Adversarial Self-Play: A single model plays two roles—a 'polluter' that learns to inject subtle, failure-inducing corruptions into reasoning traces, and an 'agent' that learns to diagnose and fix them
In-Distribution Repair Guidance: Addresses the scarcity of successful repairs by cloning self-generated repair snippets (which are high-likelihood under the current policy) rather than off-distribution teacher fixes

Evaluation Highlights

Improves recoverability on GSM8K by +25-30% across multiple model sizes (1.5B to 8B) compared to RLVR baselines
Boosts diagnosability (identifying the first error step) on MR-GSM8K by over +40% compared to standard RLVR
Increases reliability under input perturbations (RUPBench) by +10-15% while often slightly improving clean accuracy

Breakthrough Assessment

8/10

Significantly improves robustness against internal and external errors without human labels or external teachers. The method elegantly solves the sparse reward problem in self-correction training.

⚙️ Technical Details

Problem Definition

Setting: Episodic decision-making where a model generates a chain-of-thought and final answer, receiving binary verifiable rewards

Inputs: A conditioning context (question q, potentially corrupted prefix c)
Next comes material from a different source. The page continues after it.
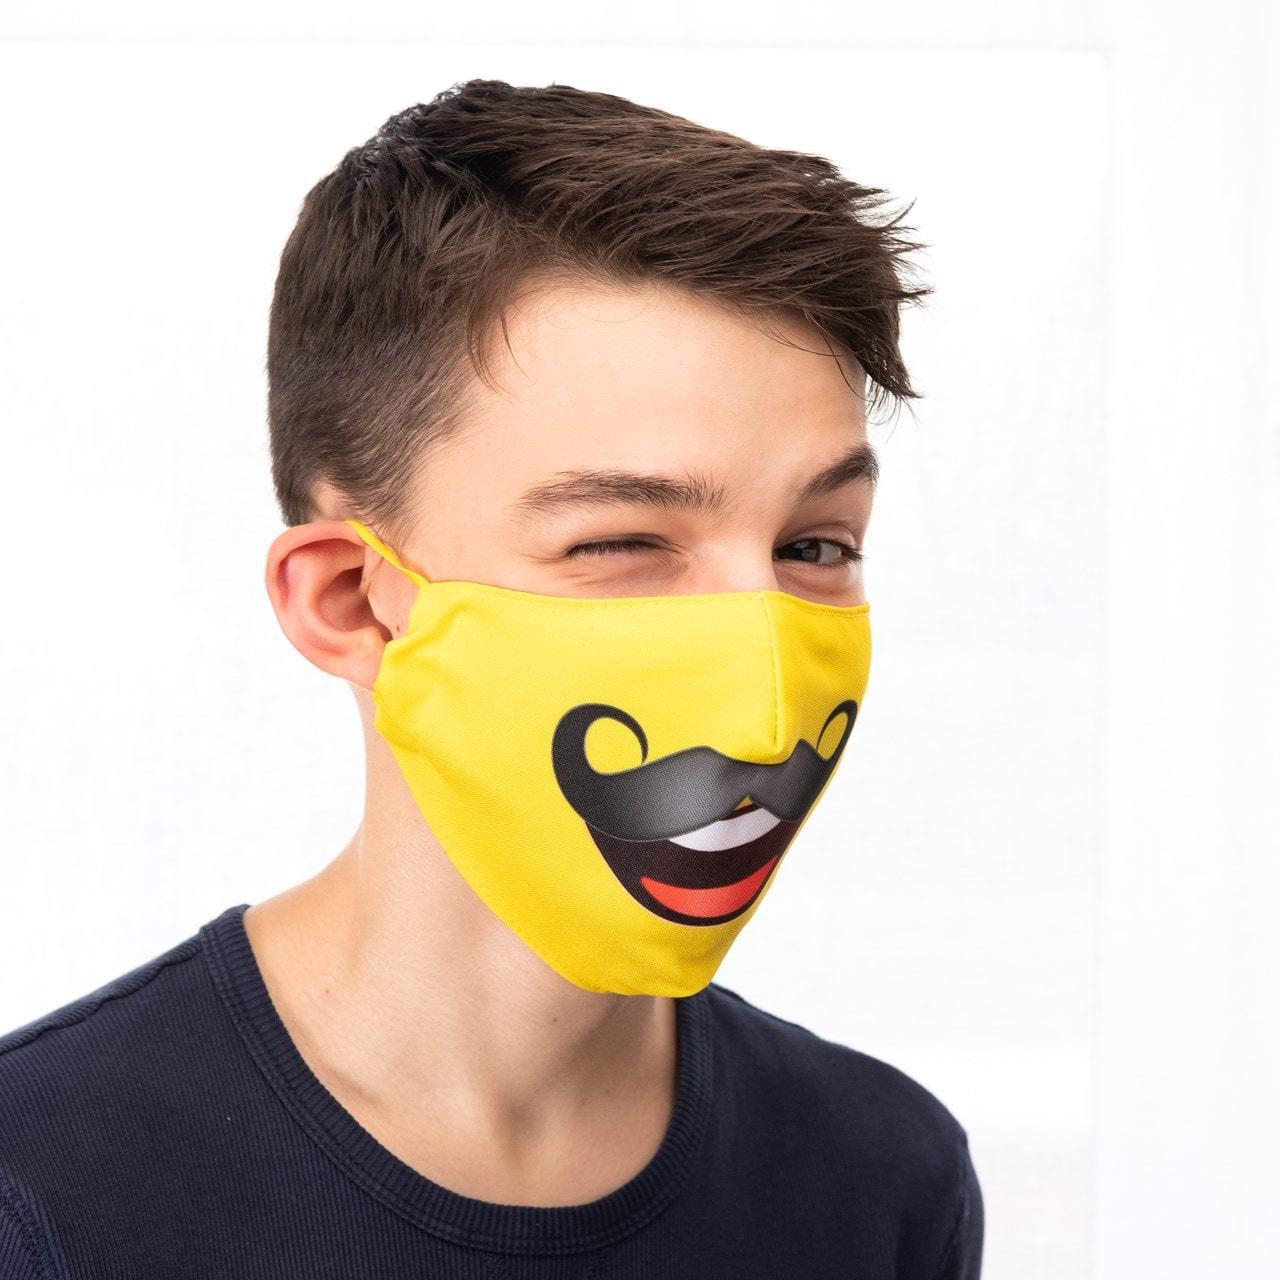 Moustache Emoji Face Covering - 2

Outputs: A completed reasoning trajectory ending in a final answer a

Pipeline Flow

Polluter Generation (creates corrupted context)
Agent Rollout (attempts to solve from corrupted context)
Outcome Verification (checks final answer correctness)
Optimization (updates both Polluter and Agent)

System Modules

Polluter

Generates a 'polluted steer' by replacing a window of a correct trajectory with a plausible but misleading corruption

Model or implementation: Same as Agent (shared weights, distinguished by system prompt)

Agent

Generates the remainder of the solution given the polluted context

Model or implementation: Target LLM (1.5B - 8B parameters)

Novel Architectural Elements

Adversarial self-play loop within a single model weights set (roles defined by prompts)
Integration of self-generated repair imitation (J_guide) into the RLVR loop

Modeling

Base Model: Qwen2.5-Math-1.5B, Qwen2.5-Math-7B, Llama-3.1-8B-Instruct

Training Method: Guided Adversarial Self-Play (GASP) using GRPO

Objective Functions:

Purpose: Optimize agent to recover from corruption.

Formally: J_GRPO with reward R_rec = I{a_off = a_ground_truth}
Purpose: Optimize polluter to induce agent failure.

Formally: J_GRPO with reward R_poll = 1 - I{a_off = a_ground_truth}
Purpose: Guide agent toward valid repairs using self-generated samples.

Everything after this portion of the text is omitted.